In thinking about Orual, my mind kept thinking back to something in LWW so here's my attempt at dusting off some former thoughts in my brain to make connections to our more recent reading:
In two of Lewis’ works, there is the idea that signs of supernatural occurrences happen in the “real” world. Yet, humans have a hard time explaining these signs. The first case occurs in LWW when Lucy finds Narnia and everyone accuses her of lying. The second case is found in Till We Have Faces when Pysch is trying to convince Orual that her palace existed. In both cases, the signs were revealed more clearly to one party and, initially, just as Peter and Susan jumped to the conclusion that Lucy is mad and telling lies, Orual also believed that Psych had gone mad.

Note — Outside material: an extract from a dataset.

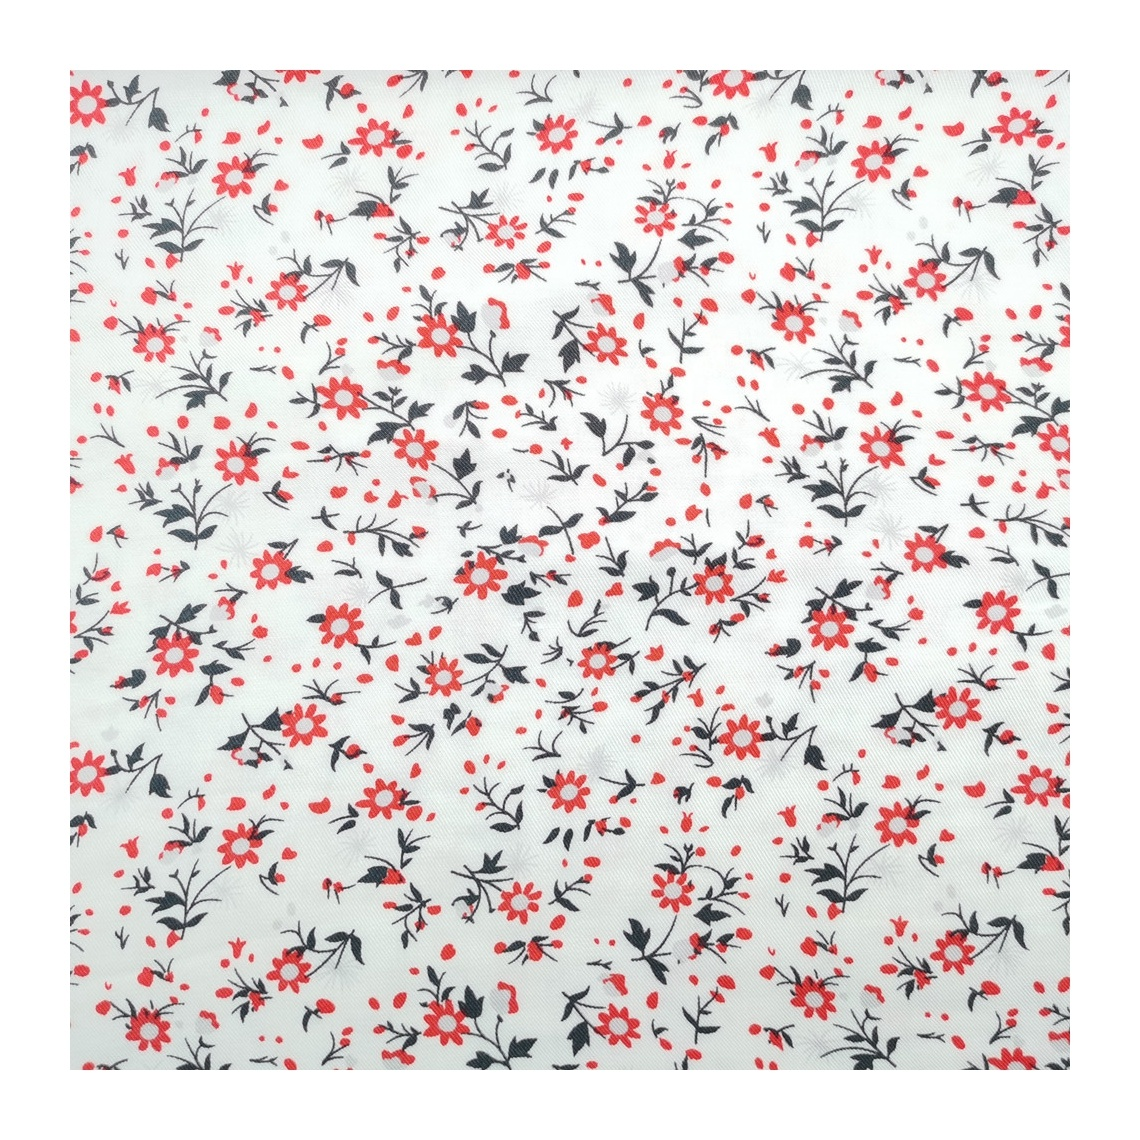 Hot Sale Challis 100%  Woven Rayon Viscose Custom Fabric Printing For Dress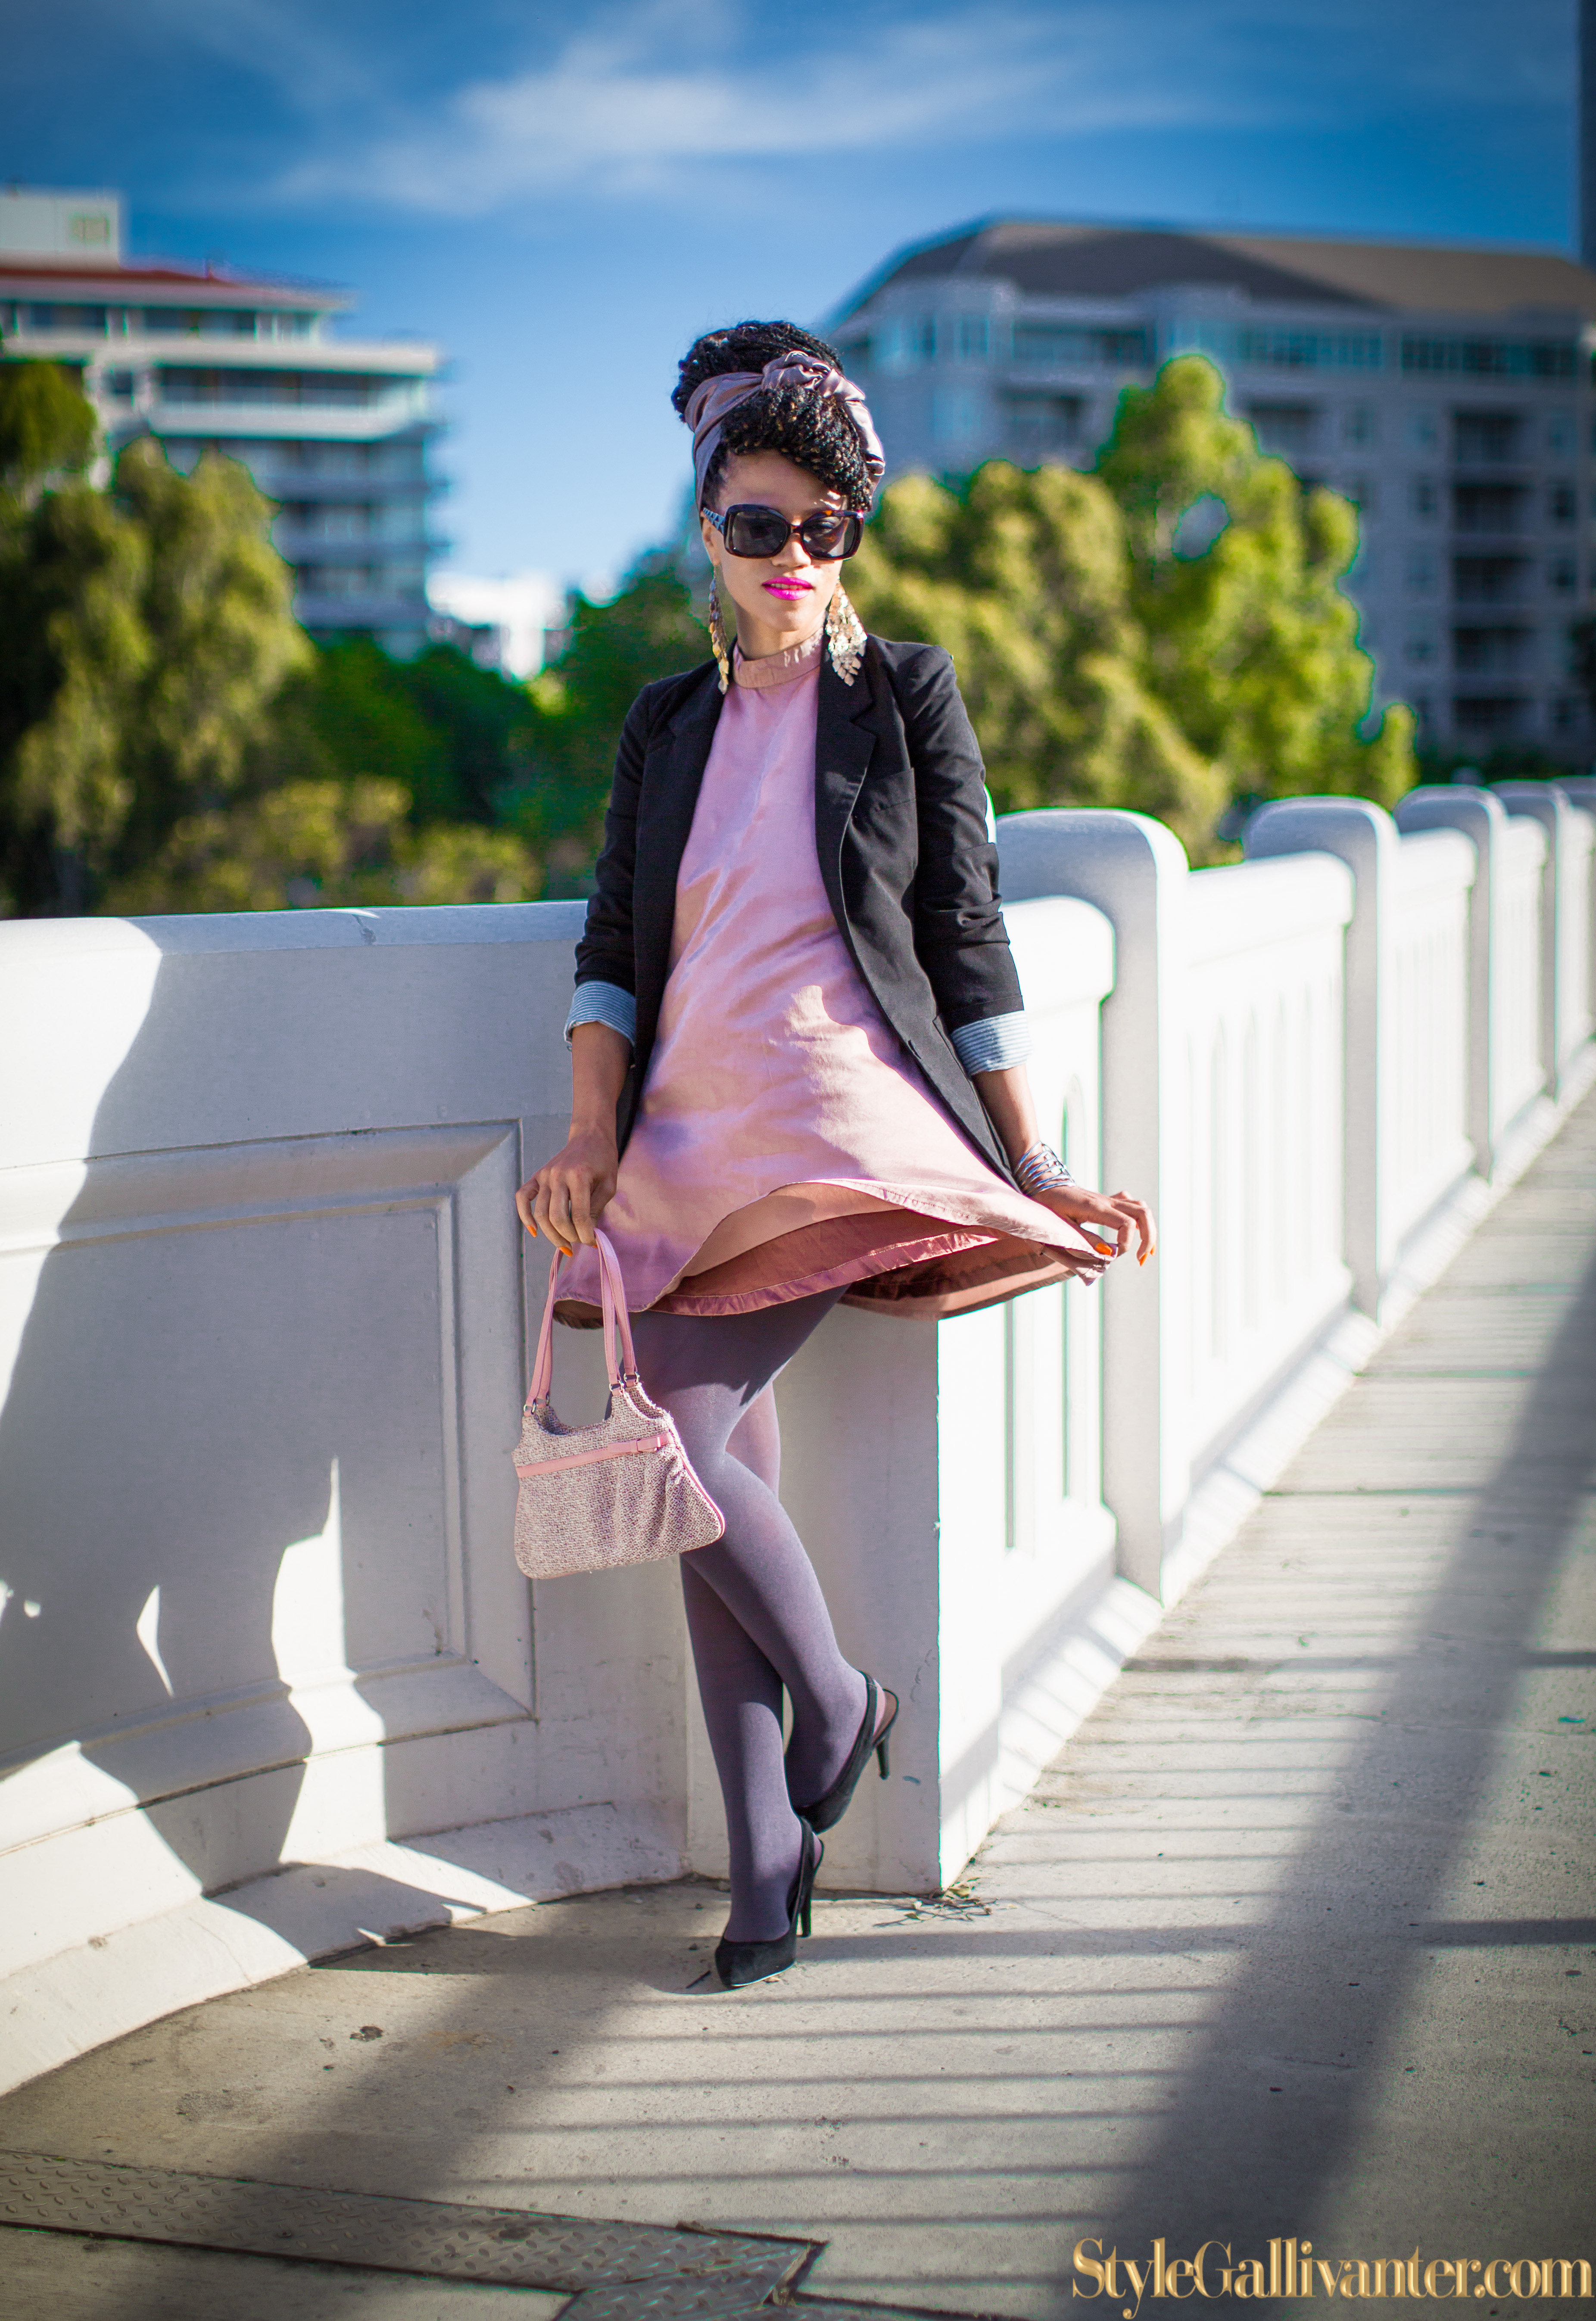 stylish-turbans-melbourne_turban-trend-2014_melbourne's-best-fashion-bloggers_fashion-vips-melbourne_relevant-bloggers-melbourne_unique-fashion-bloggers-melbourne_best-fashion-blog-melbourne-australia_box-braids-2014_melbourne-2014_easy-box-braids-styles

Both cases have evidence that their accused is being truthful. In the first example with Peter and Susan we all know they end up seeing Narnia for themselves. The second example with Orual comes after she denies that Psych’s palace exists but then, later in the night, if only for a moment, she notes, “When I lifted my head and looked once more into the mist across the water…There stood the palace, grey…but solid and motionless,” (Faces:132).
However, the accusers in both stories still doubted the signs and they did not know how to deal with them for in the words of Peter (and the suggested thoughts of Orual), “if things are real, they’re there all the time,” but both cases end with the professor’s question: “Are they?” (LWW 52).
Peter’s question to the professor and Orual’s accusation against the gods were logical for in their physical worlds for if something exists, it exists constantly in some form (because it can be neither created nor destroyed). In the minds of Peter, Susan and Orual, reasonable logic (as the professor pointed out) should have been enough evidence that the person they accused was in their right mind because both Psych and Lucy looked as though they were sane and both had a history of telling the truth. Yet, they were still accused of seeing something false.
These two cases seem to reveal two ideas; one is that if humans are to use logic, they must apply it to the human component of the story, meaning the person telling about the supernatural thing to help decide whether to believe the sign or not. Second, worldly logic does not seem to be enough to satisfy the accusers’ accusations, which suggests that humans cannot use their worldly logic or reason to explain the supernatural things they hear about. As a result, I’ve come to think that the message Lewis wants to portray in his books is that people must first check the source of the information to help them determine of the sign is real. Once, they determined that the sign could be real, is that it is not the human job to explain the signs; the signs are given to aid the human understanding of something that seems beyond their grasp, something behind our physical logic. Signs heard of are occur for a reason and time is the only answer for to gain understanding.